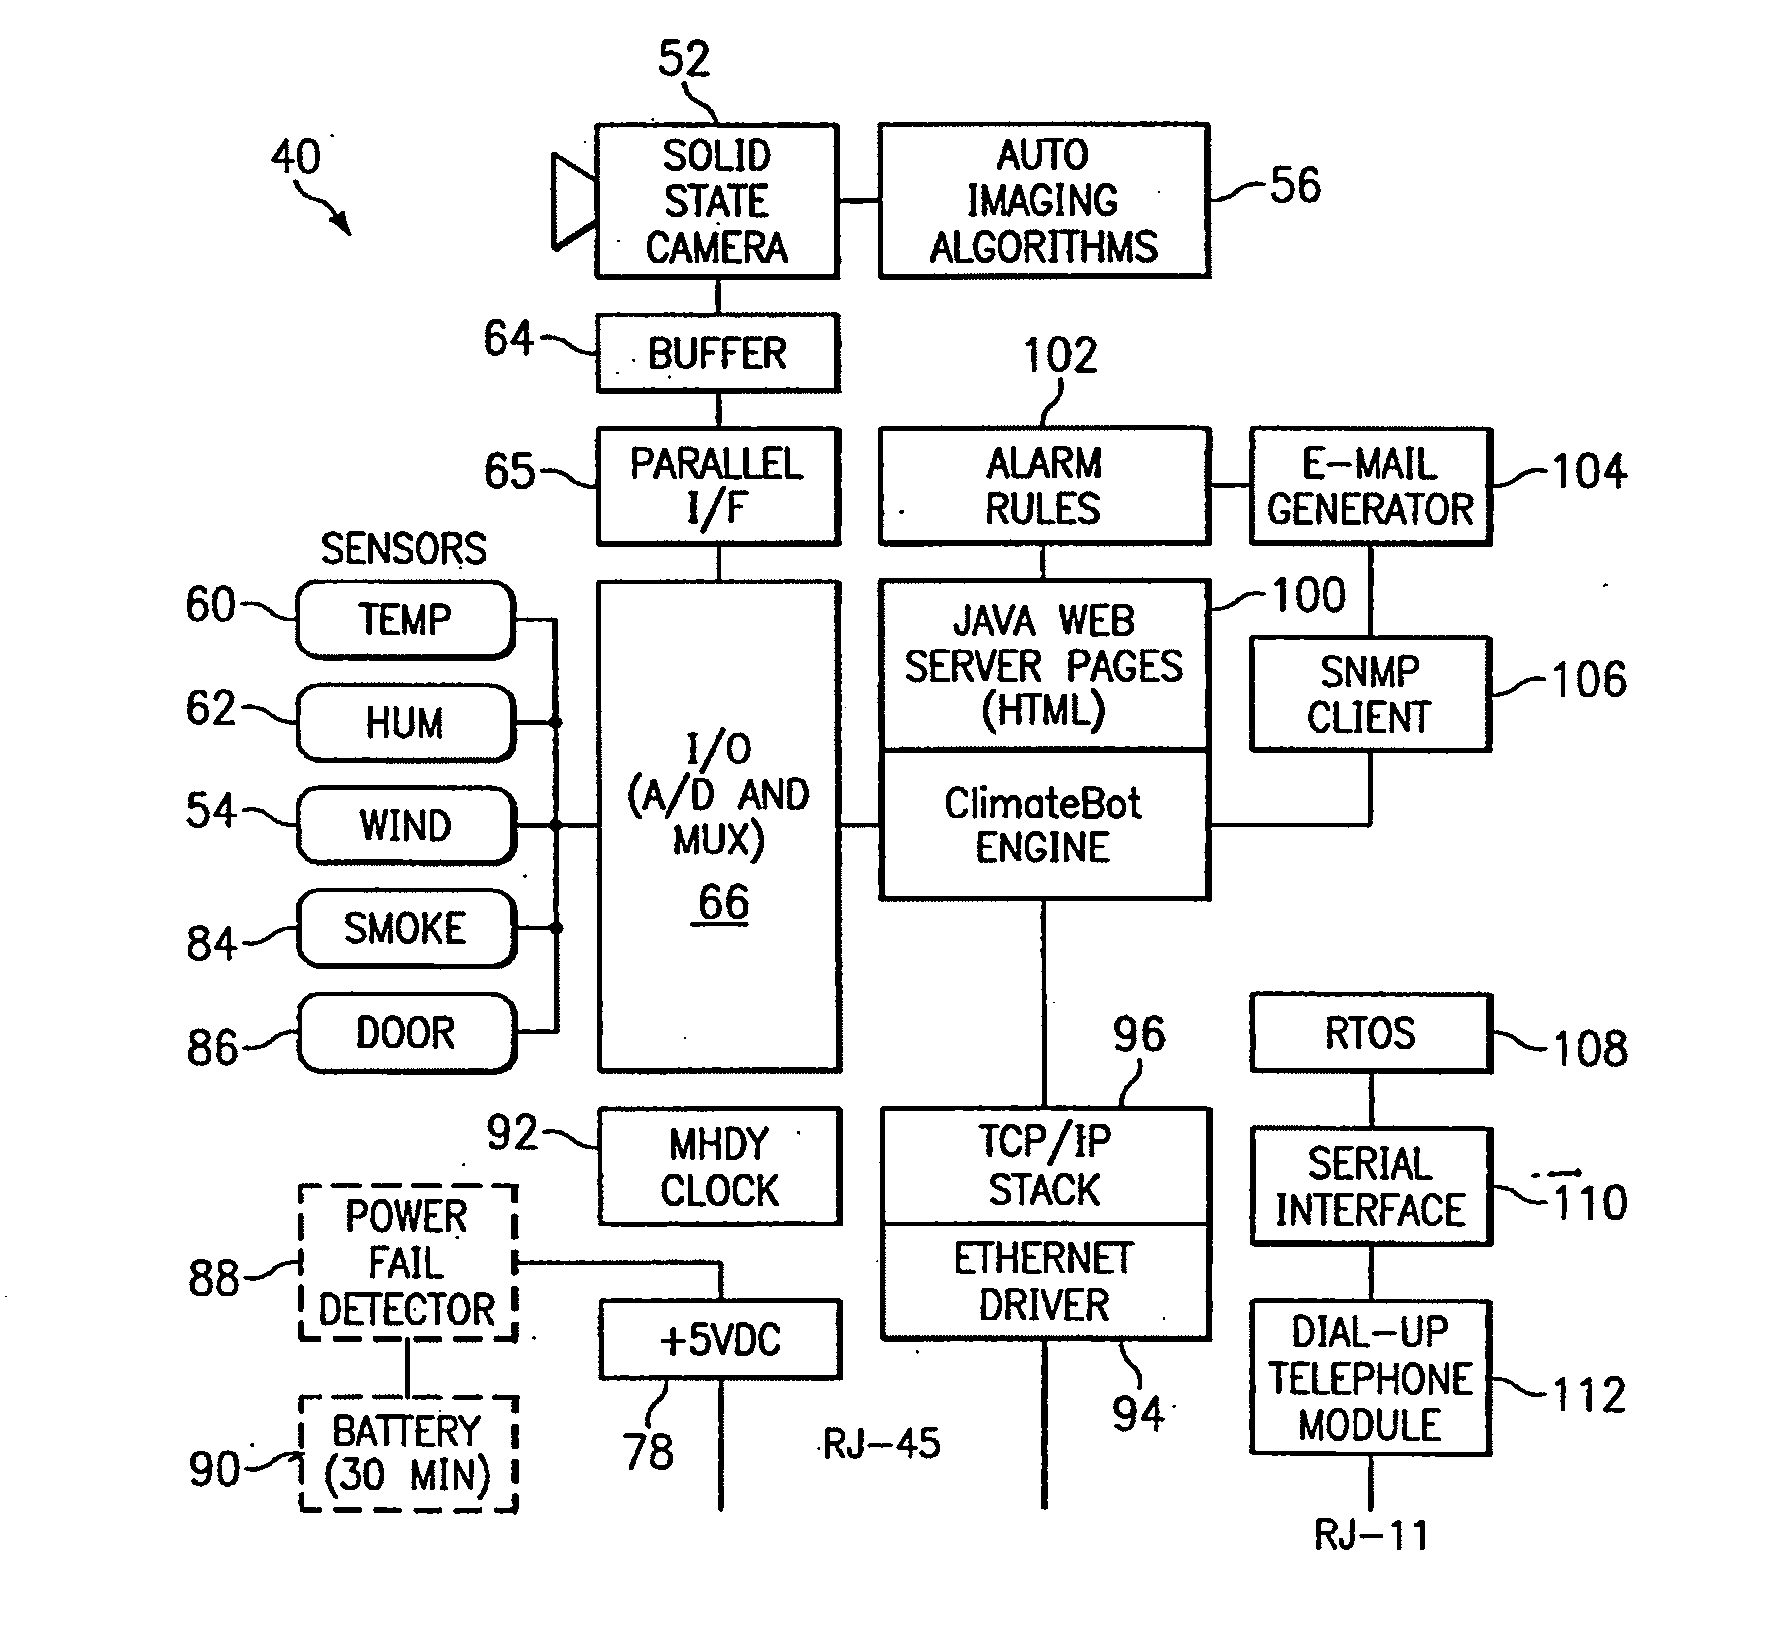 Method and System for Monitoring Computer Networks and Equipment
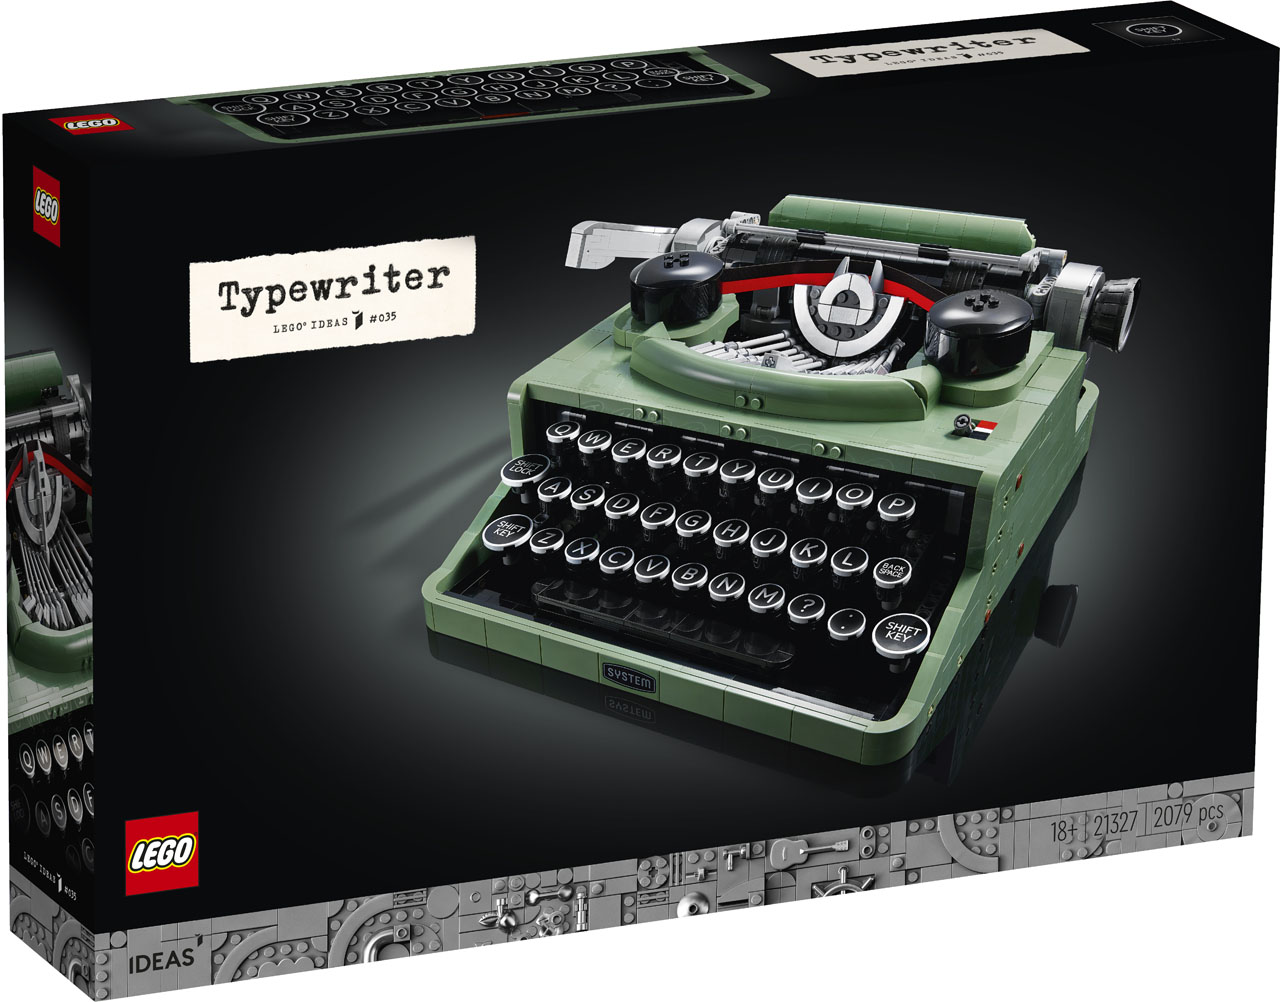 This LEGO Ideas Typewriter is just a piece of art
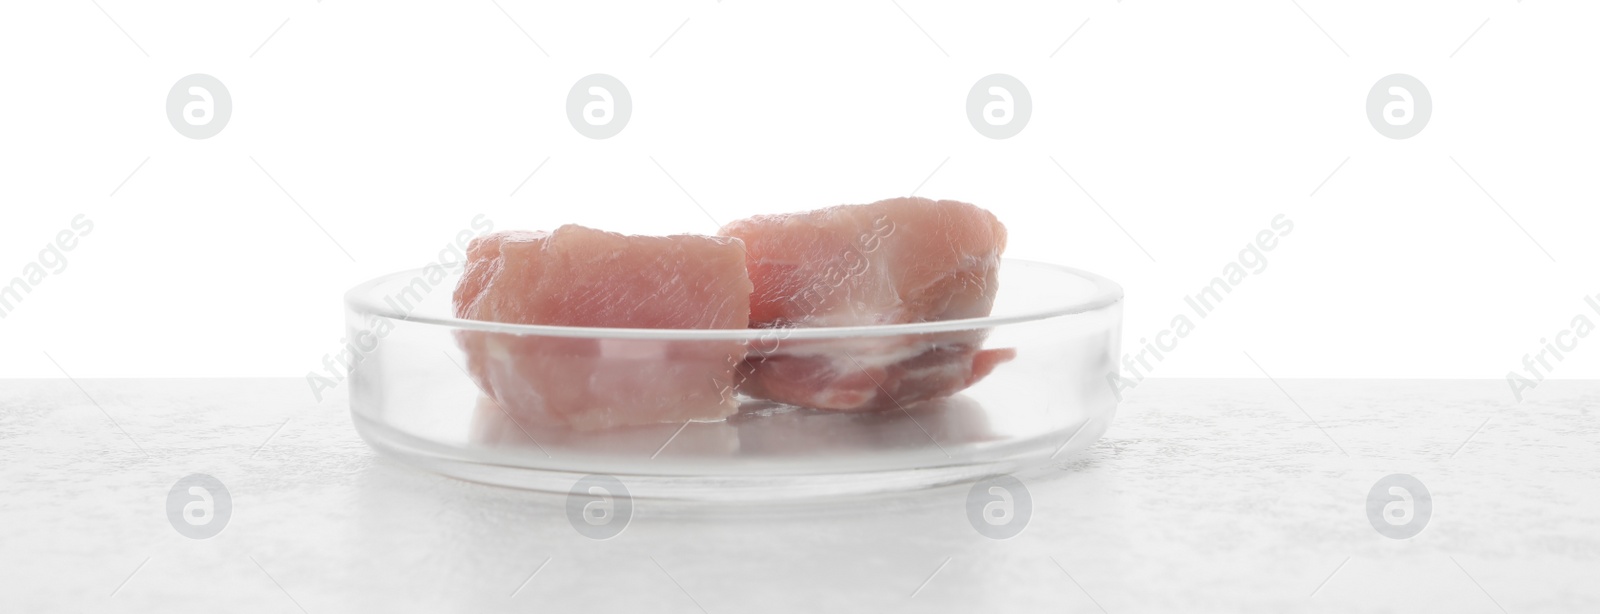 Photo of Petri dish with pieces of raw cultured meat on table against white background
______________________________
A word-for-word copy of the listing is the goal; keep every picture out of it.

 Method and System for Monitoring Computer Networks and Equipment
 This LEGO Ideas Typewriter is just a piece of art
 Photo of Petri dish with pieces of raw cultured meat on table against white background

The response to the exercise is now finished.